▶ **TASK OBJECTIVE**
Pictures aside, please retype the whole listing word for word.

▶ **SOURCE DATA**
- - - - - - -

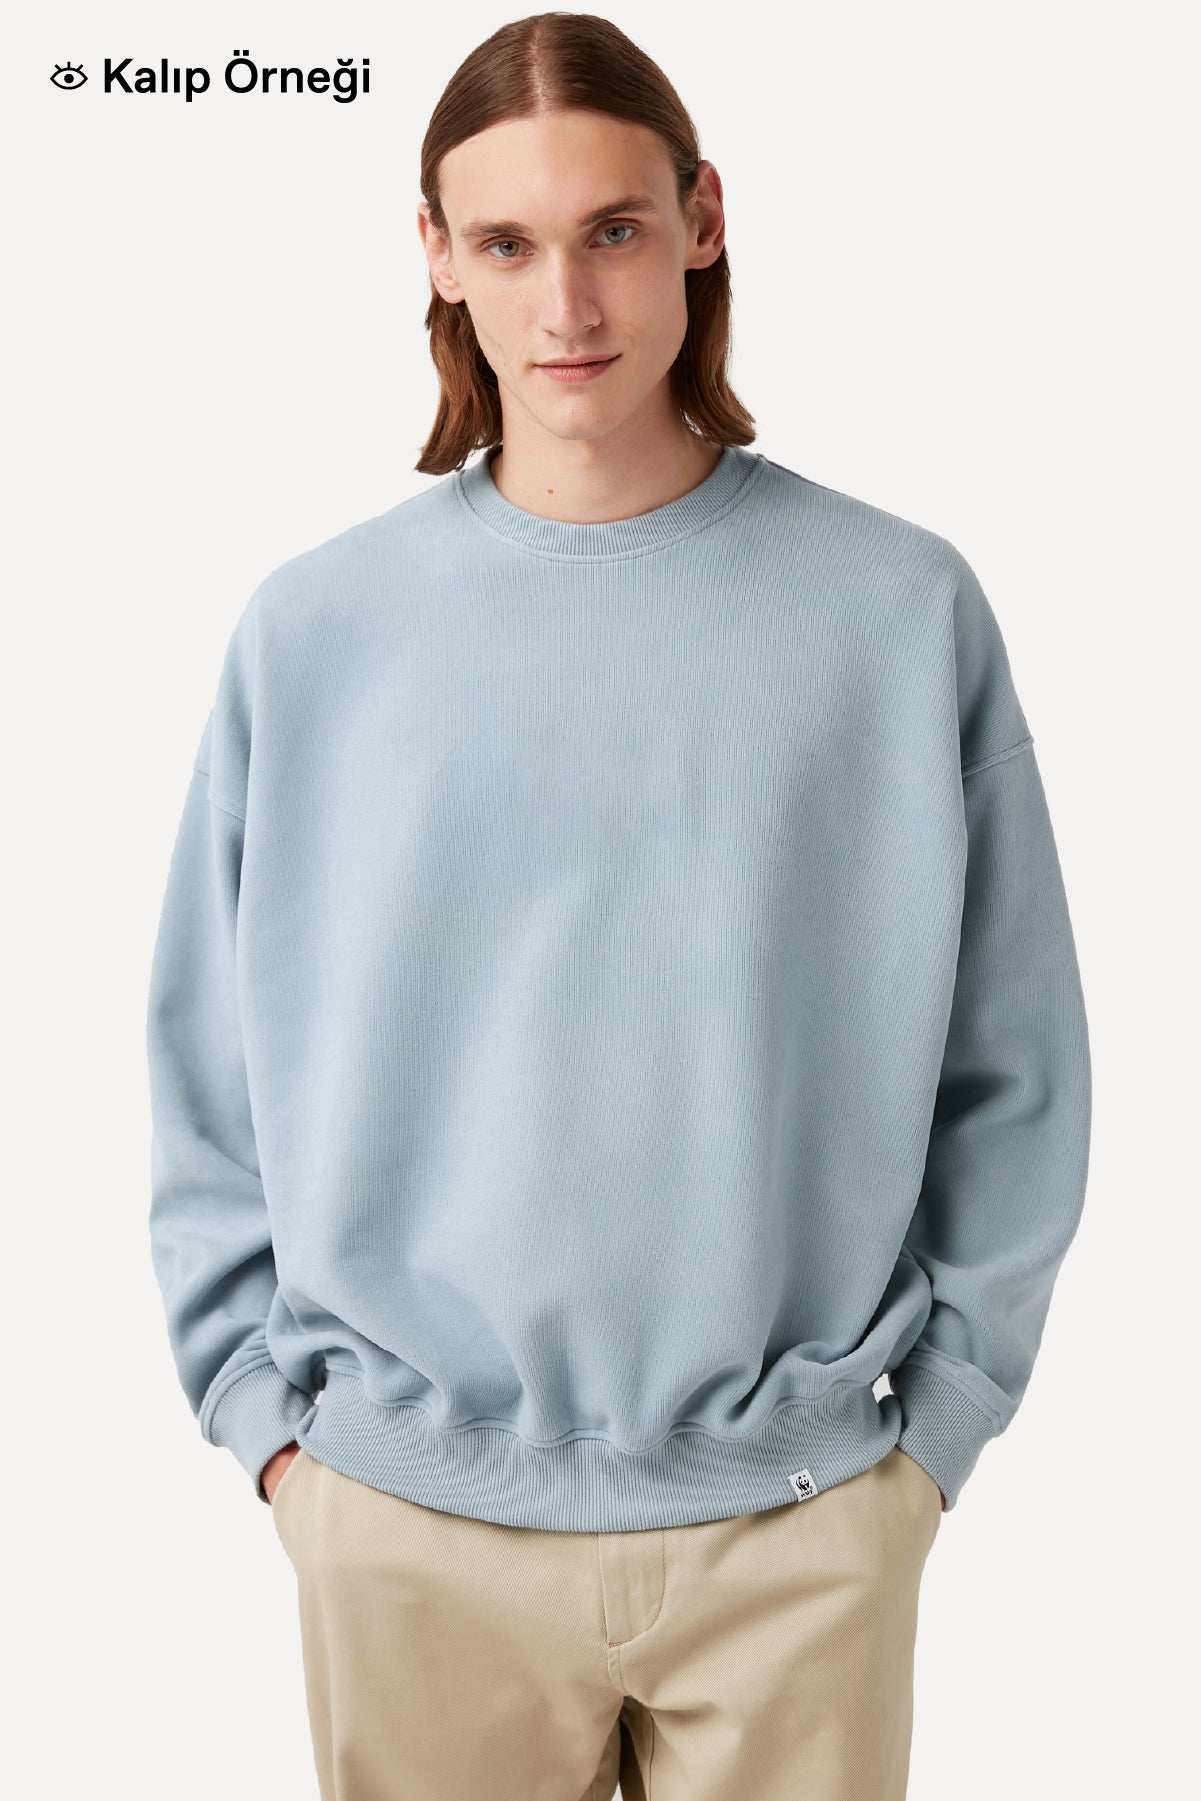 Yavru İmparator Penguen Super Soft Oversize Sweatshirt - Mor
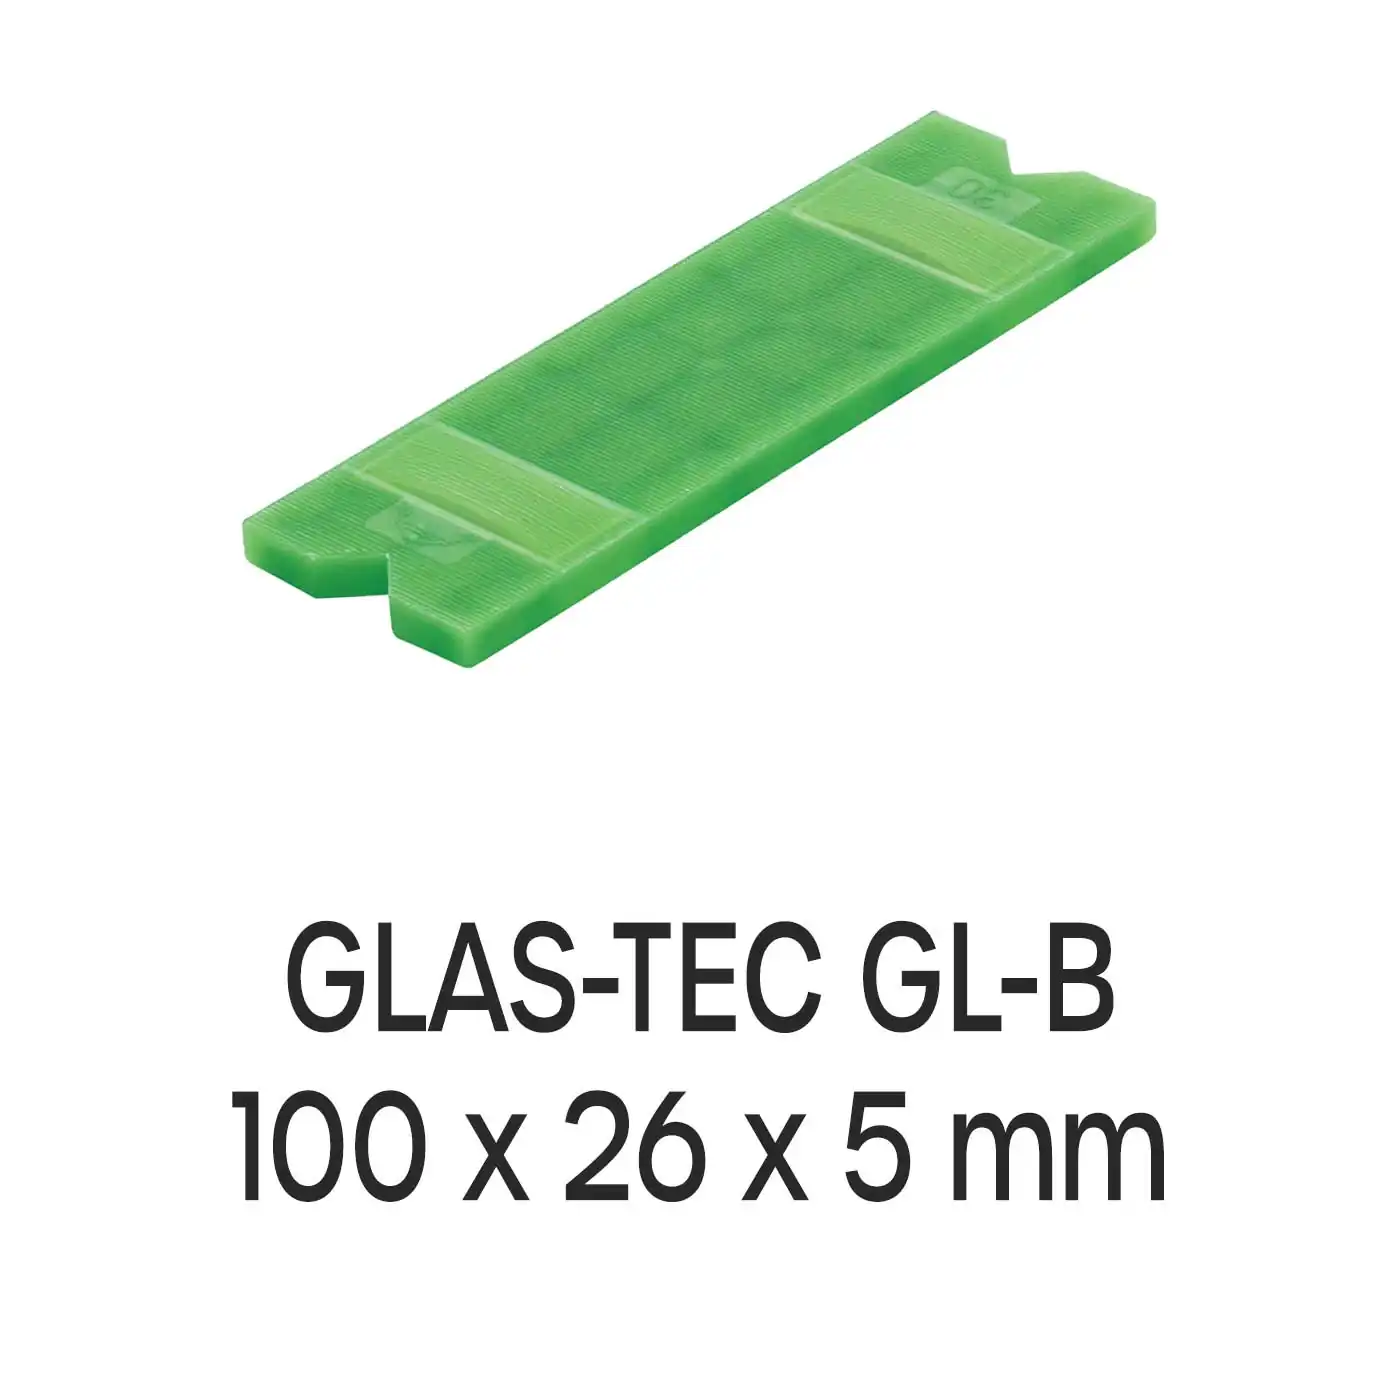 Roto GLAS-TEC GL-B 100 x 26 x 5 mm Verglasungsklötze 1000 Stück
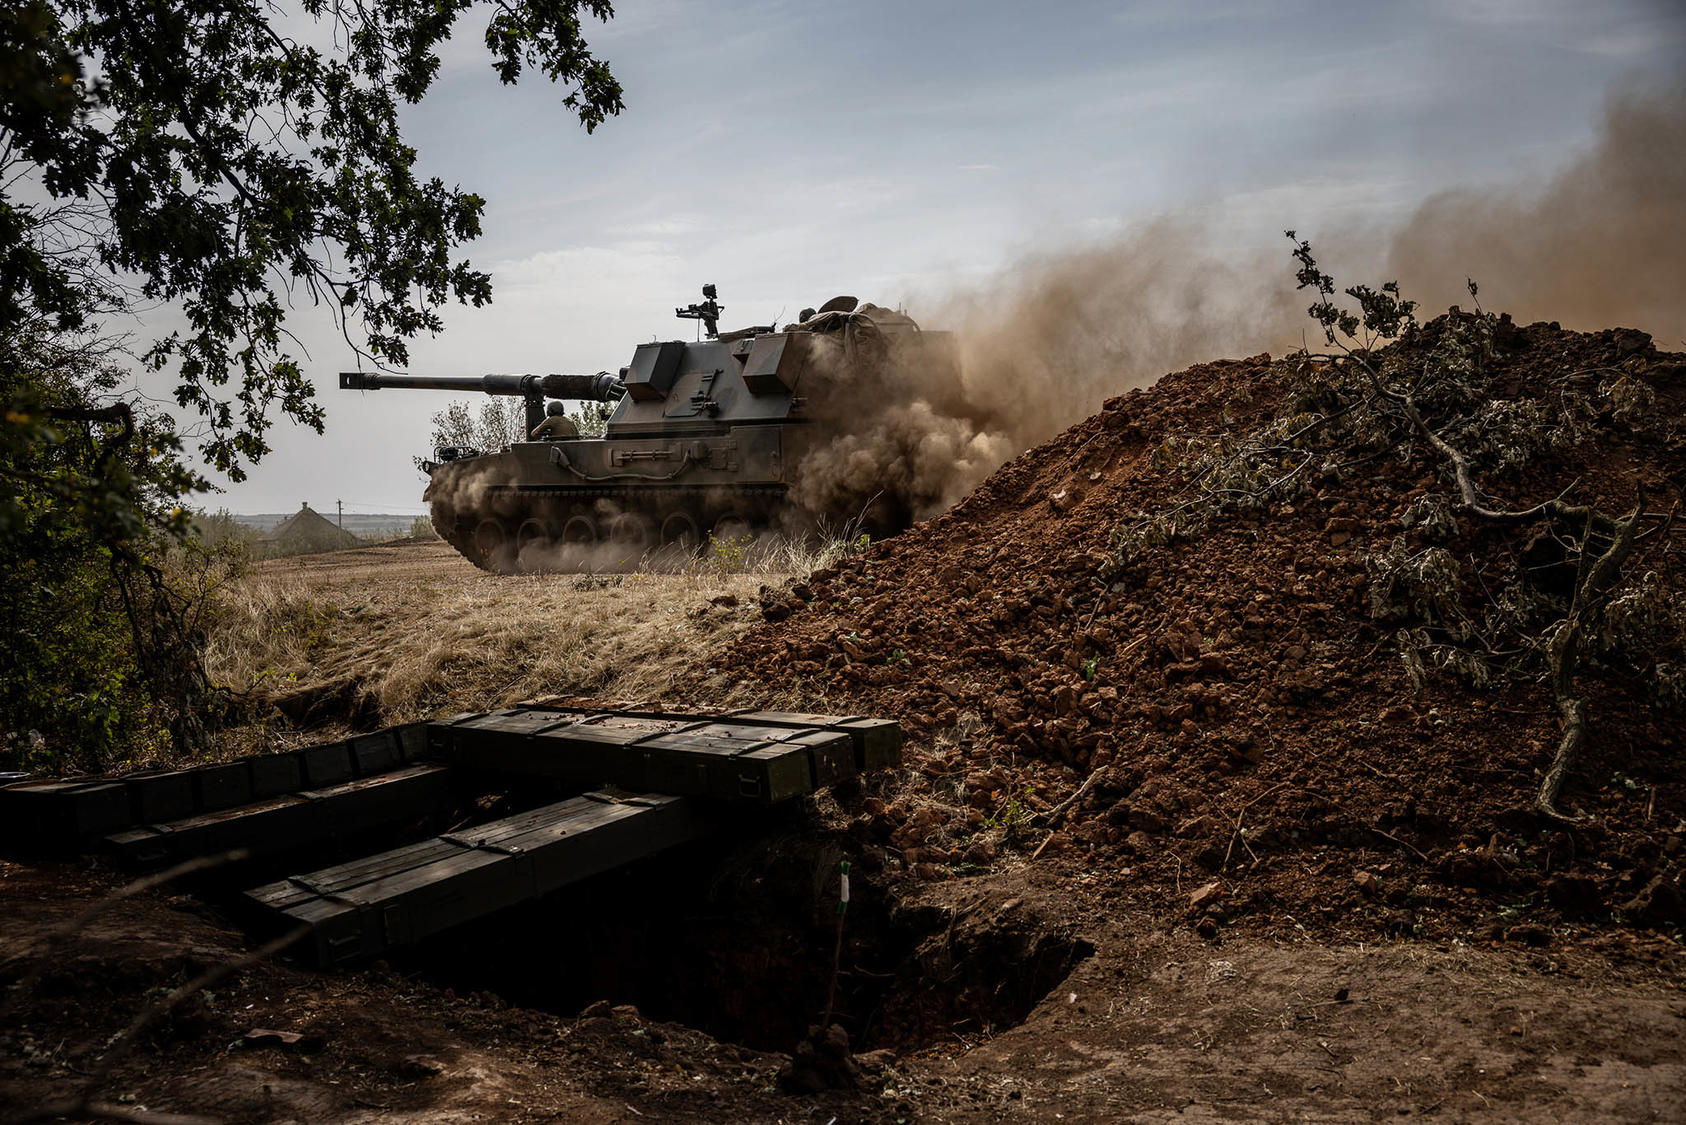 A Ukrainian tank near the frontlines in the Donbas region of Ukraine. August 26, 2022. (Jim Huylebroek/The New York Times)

- - - - - - -

▶ **EXPECTED ANSWER**
 Yavru İmparator Penguen Super Soft Oversize Sweatshirt - Mor
 Roto GLAS-TEC GL-B 100 x 26 x 5 mm Verglasungsklötze 1000 Stück
 A Ukrainian tank near the frontlines in the Donbas region of Ukraine. August 26, 2022. (Jim Huylebroek/The New York Times)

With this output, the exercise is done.